Publisher: Cornell University Press
ISBN: 1501777939
Category : History
Languages : en
Pages : 241
Book Description
In The Roots of Flower City, Camden Burd explores the economic and ecological significance of Rochester plant nurserymen over the course of the nineteenth century. As the first boomtown in the United States, Rochester was an embodiment of nineteenth-century market economies and social reform movements. Connected to the eastern seaboard by the Erie Canal, the city's unique economic, cultural, and environmental conditions fostered and sustained a vast and influential commercial plant nursery industry that attracted the nation's most prominent horticulturists and nurserymen. Rochester-area nurserymen built parks and rural cemeteries, landscaped homes and schools, and promoted horticultural pursuits regionally and nationally.

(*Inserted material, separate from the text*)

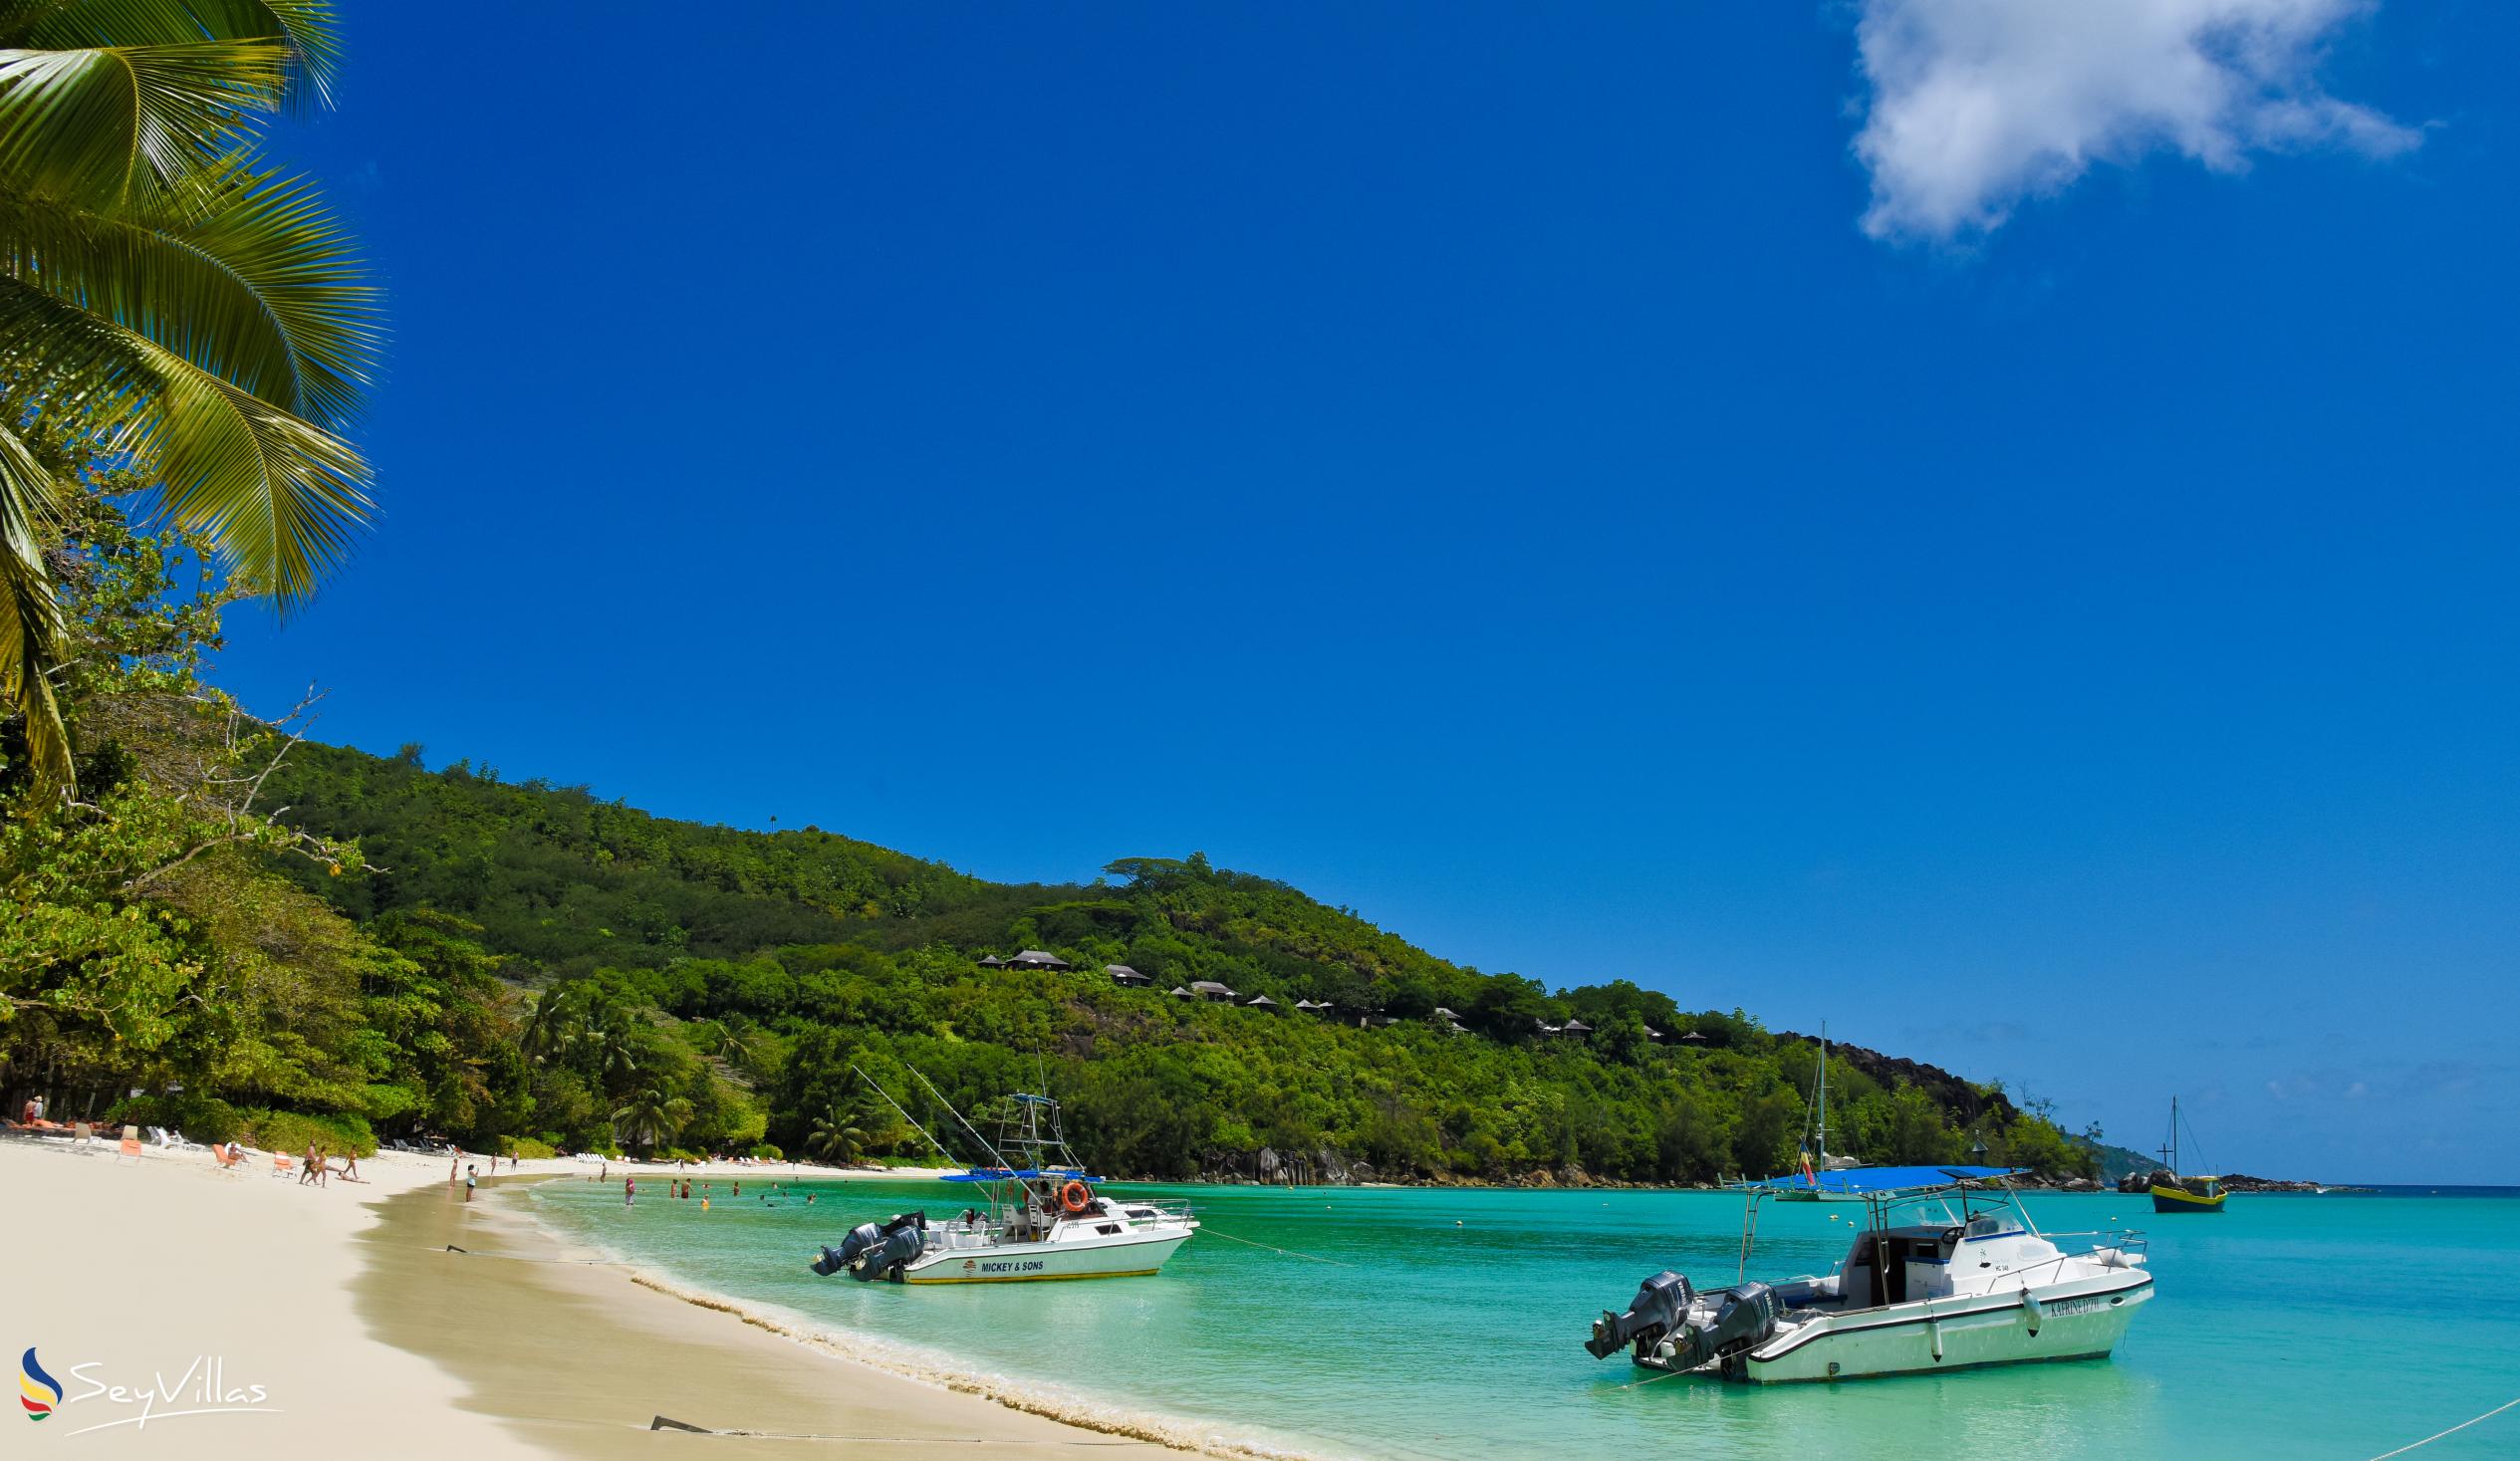 Photo 6: Port Launay North Beach - Mahé (Seychelles)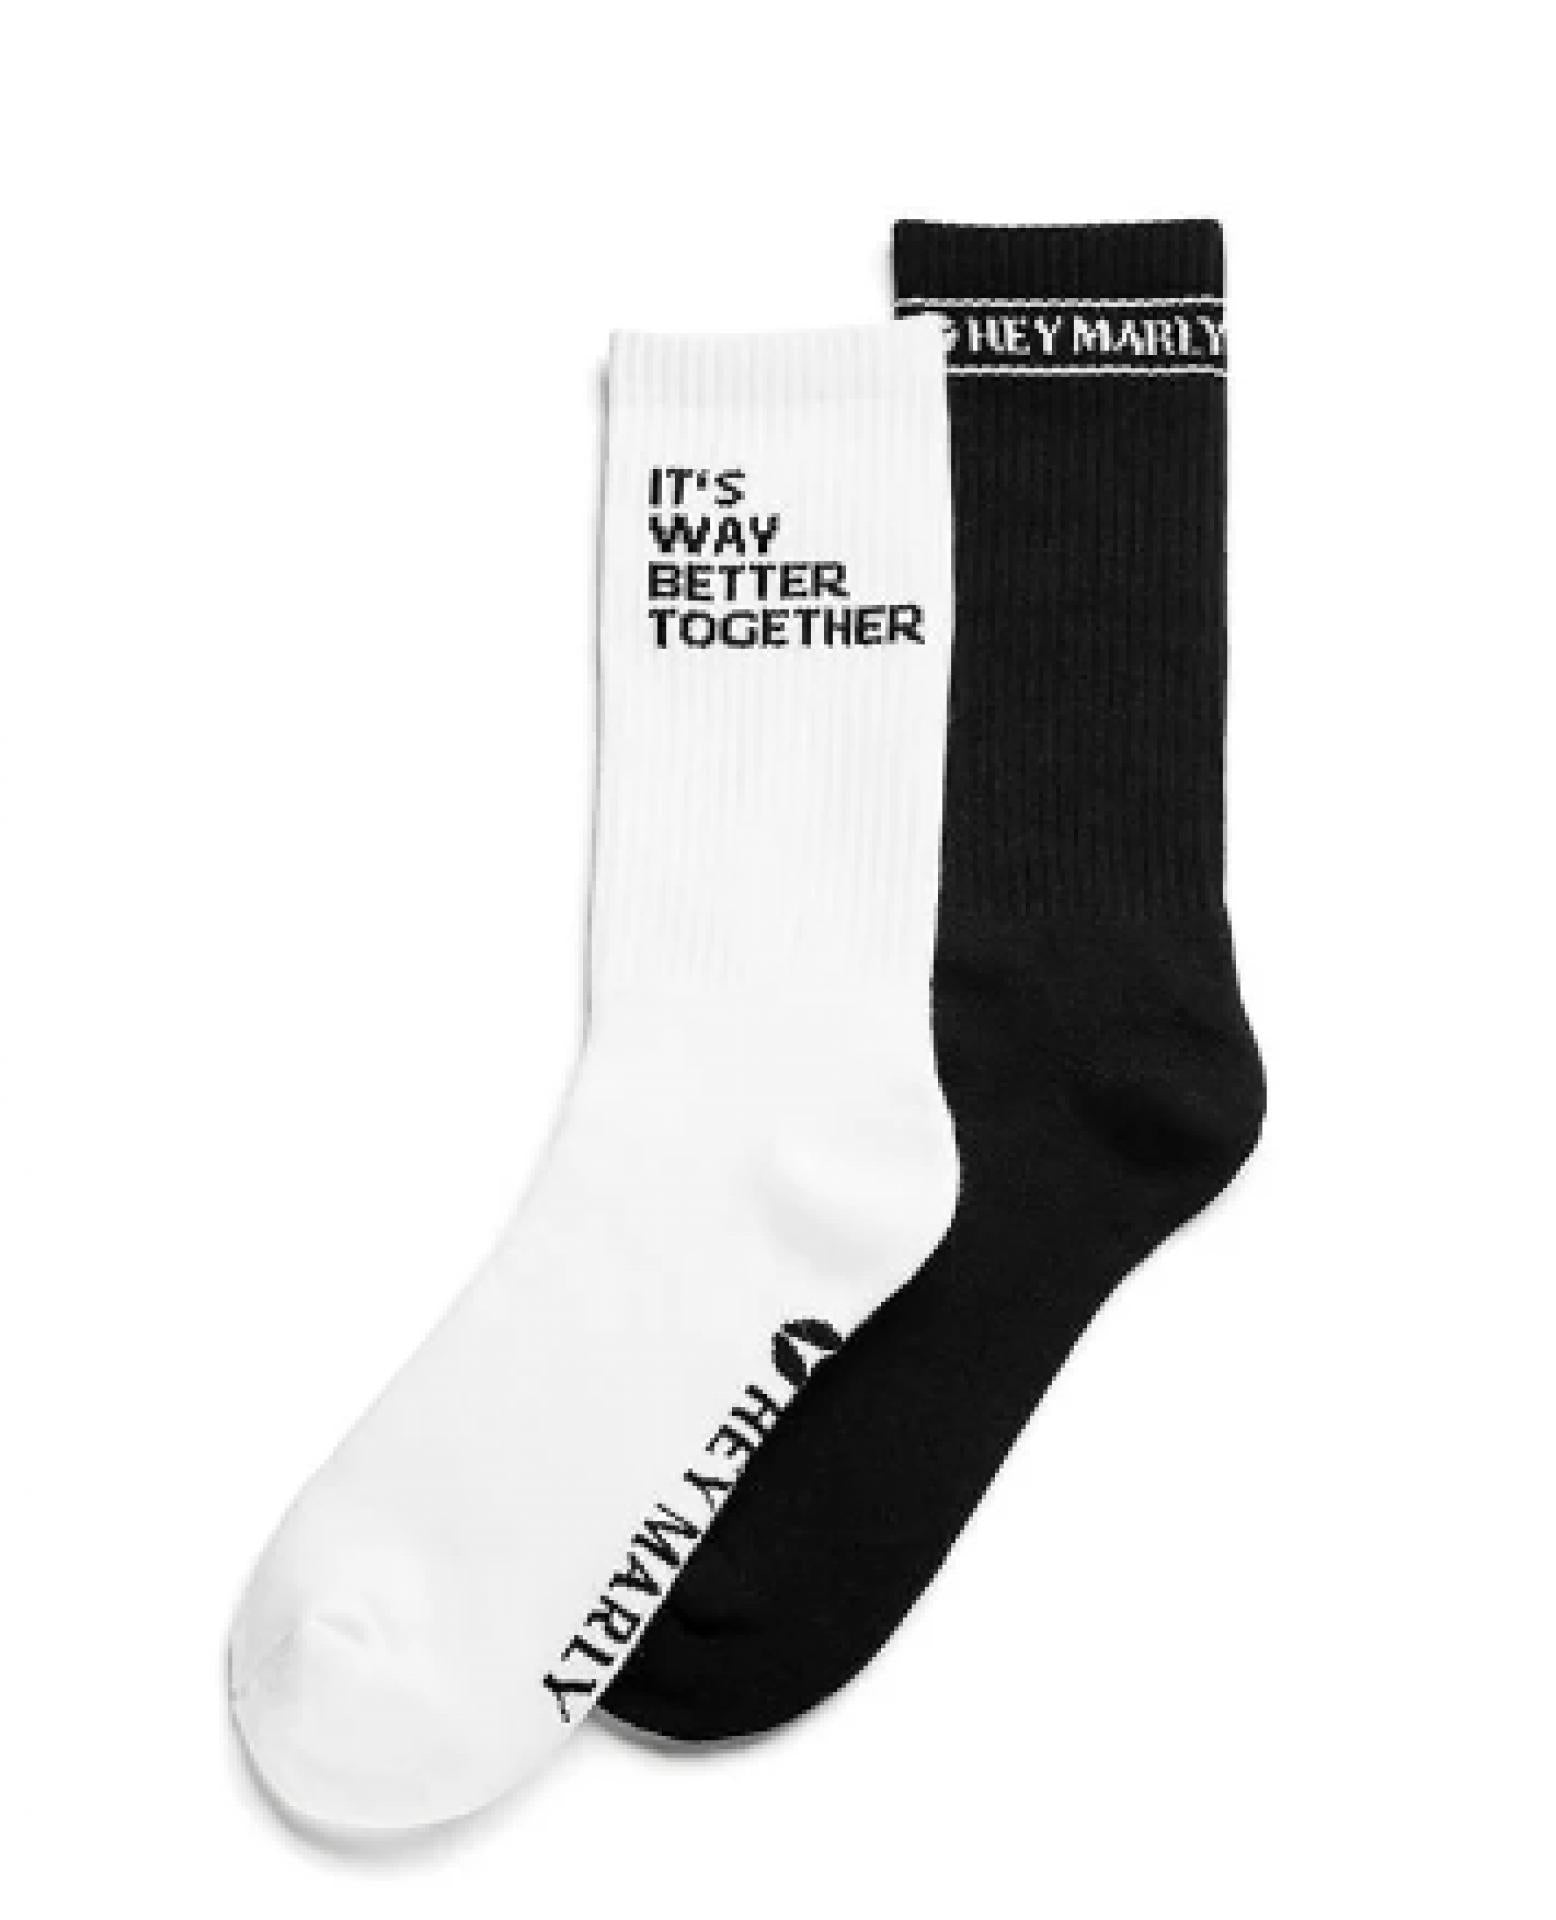 Hey Marly Socks Bundle Socken Pack / Black + White

As their influence grew, many of these horticultural entrepreneurs developed into the city's elite and played a leading role in shaping Rochester's economic, social, and physical landscape. Most significantly, nurserymen enthusiastically participated in the American imperial project, selling and distributing fruit, shade, and ornamental trees, shrubs, and flowers across the continent, transforming landscapes and ecologies far beyond New York. The Roots of Flower City tells the remarkable history of Rochester's outsized influence on the homes, estates, towns, and cities of nineteenth-century America as it weathered economic downturns and competition from other regions. One threat, however, proved to be too much to overcome. As Burd details, the spread of the destructive San Jose scale through the transcontinental plant trade prompted federal legislation that would lead to the decline of the Rochester plant nursery industry in the last decade of the nineteenth century, ending a sustained era of success and ecological impact.